I used Sandy once, also; it was in "Tom Sawyer"; I tried to get him to whitewash the fence, but it did not work.

I do not remember what name I called him by in the book.
I can see the farm yet, with perfect clearness.

I can see all its belongings, all its details; the family room of the house, with a "trundle" bed in one corner and a spinning-wheel in another--a wheel whose rising and falling wail, heard from a distance, was the mournfulest of all sounds to me, and made me homesick and low-spirited, and filled my atmosphere with the wandering spirits of the dead: the vast fireplace, piled high, on winter nights, with flaming hickory logs from whose ends a sugary sap bubbled out but did not go to waste, for we scraped it off and ate it; the lazy cat spread out on the rough hearthstones, the drowsy dogs braced against the jambs and blinking; my aunt in one chimney-corner knitting, my uncle in the other smoking his corn-cob pipe; the slick and carpetless oak floor faintly mirroring the dancing flame-tongues and freckled with black indentations where fire-coals had popped out and died a leisurely death; half a dozen children romping in the background twilight; "split"-bottomed chairs here and there, some with rockers; a cradle--out of service, but waiting, with confidence; in the early cold mornings a snuggle of children, in shirts and chemises, occupying the hearthstone and procrastinating--they could not bear to leave that comfortable place and go out on the wind-swept floor-space between the house and kitchen where the general tin basin stood, and wash.

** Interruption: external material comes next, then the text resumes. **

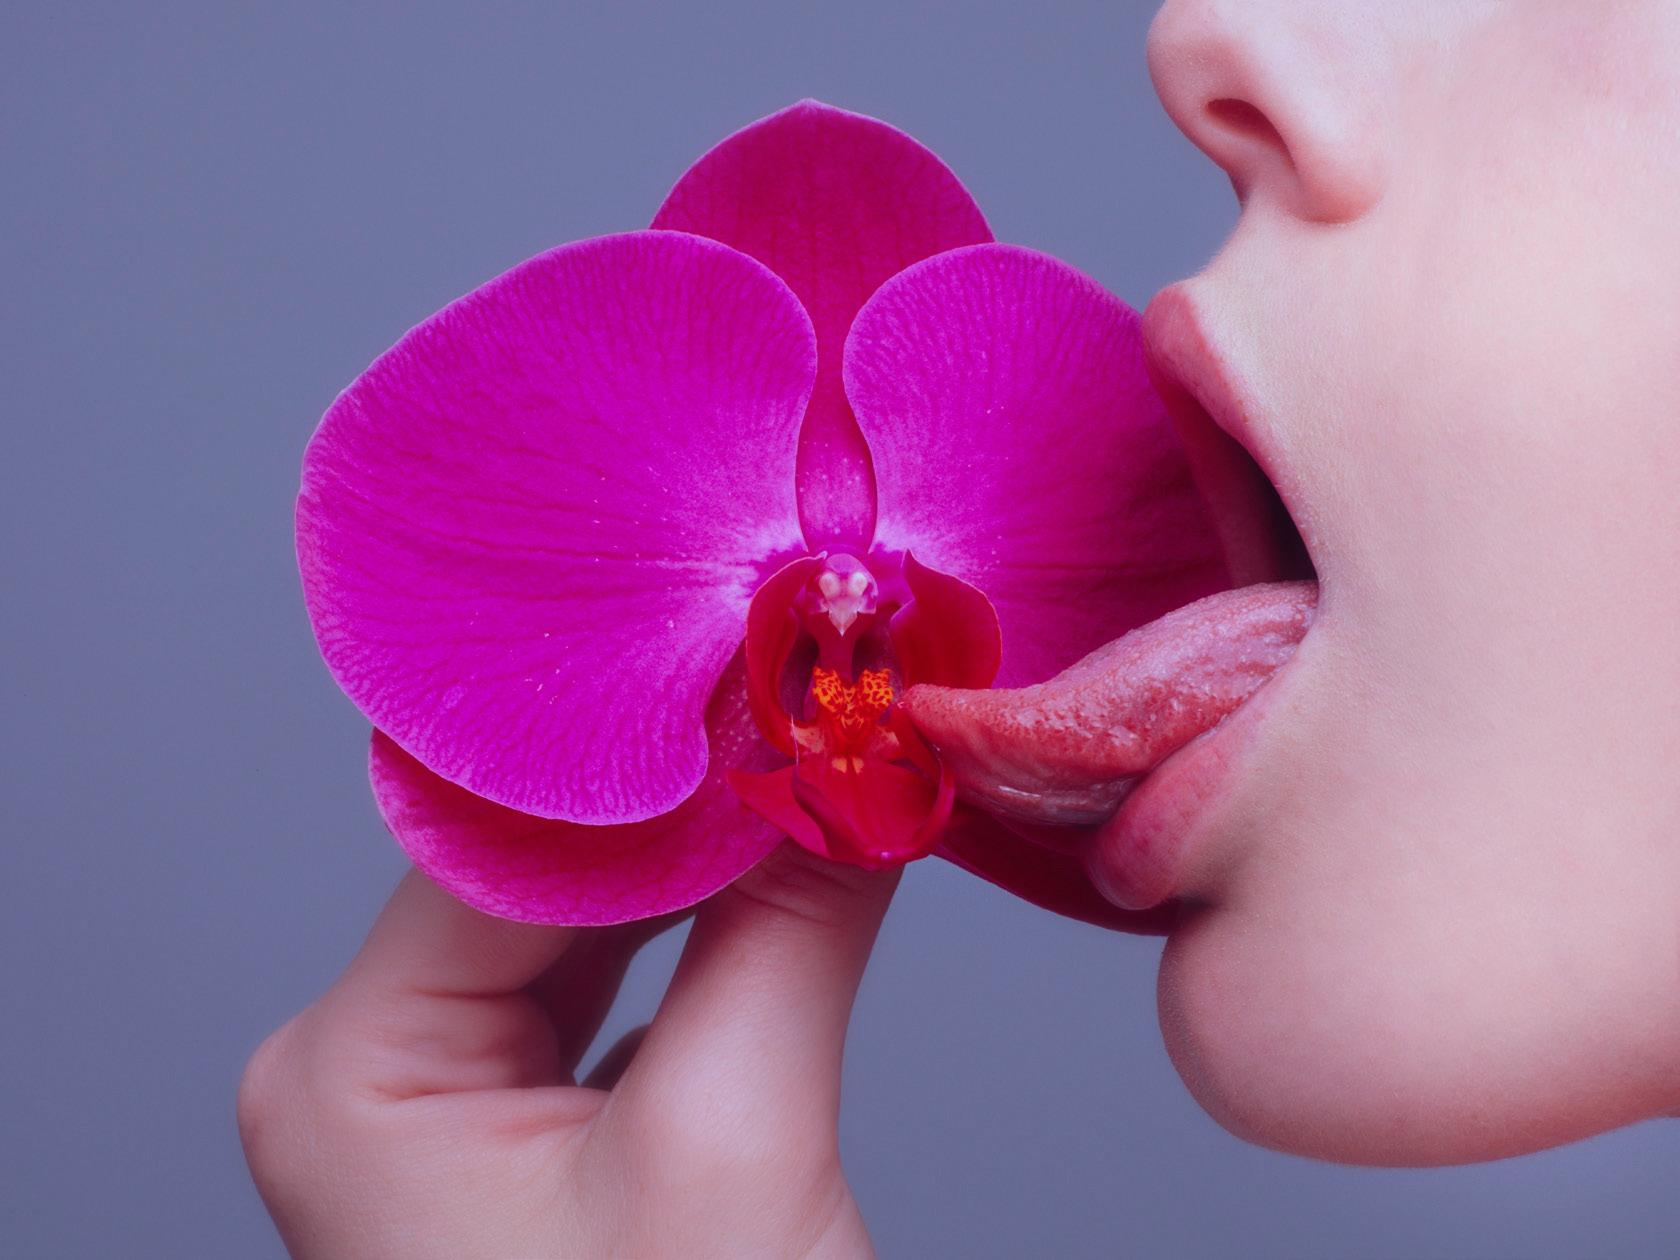 Tyler Shields - Orchidee, Fotografie 2019, gedruckt nach
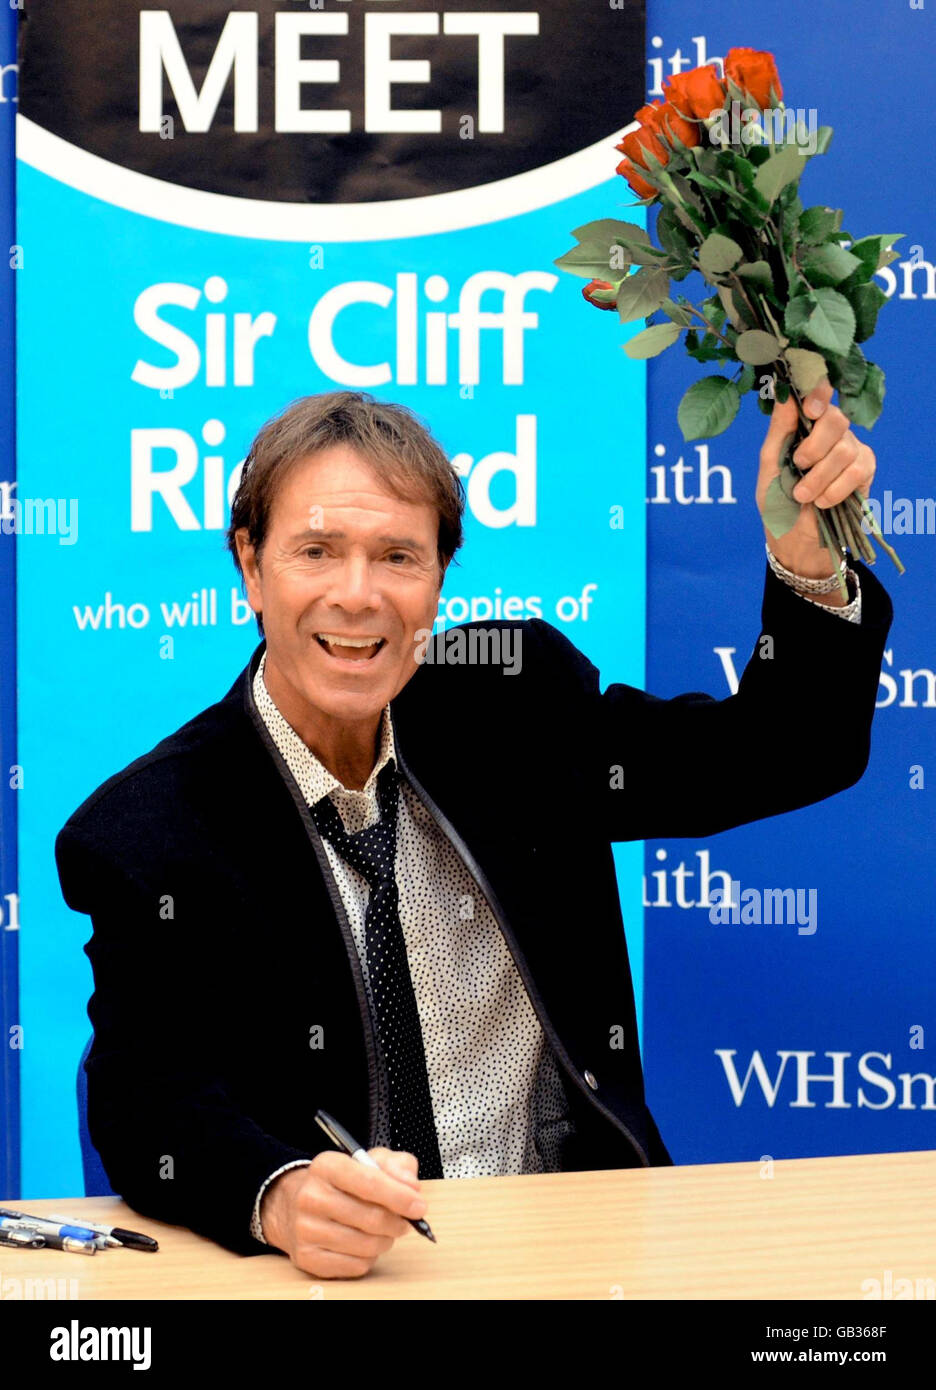 Sir Cliff Richard book signing Stock Photo

Along outside of the front fence ran the country road; dusty in the summer-time, and a good place for snakes--they liked to lie in it and sun themselves; when they were rattlesnakes or puff adders, we killed them: when they were black snakes, or racers, or belonged to the fabled "hoop" breed, we fled, without shame; when they were "house snakes" or "garters" we carried them home and put them in Aunt Patsy's work-basket for a surprise; for she was prejudiced against snakes, and always when she took the basket in her lap and they began to climb out of it it disordered her mind.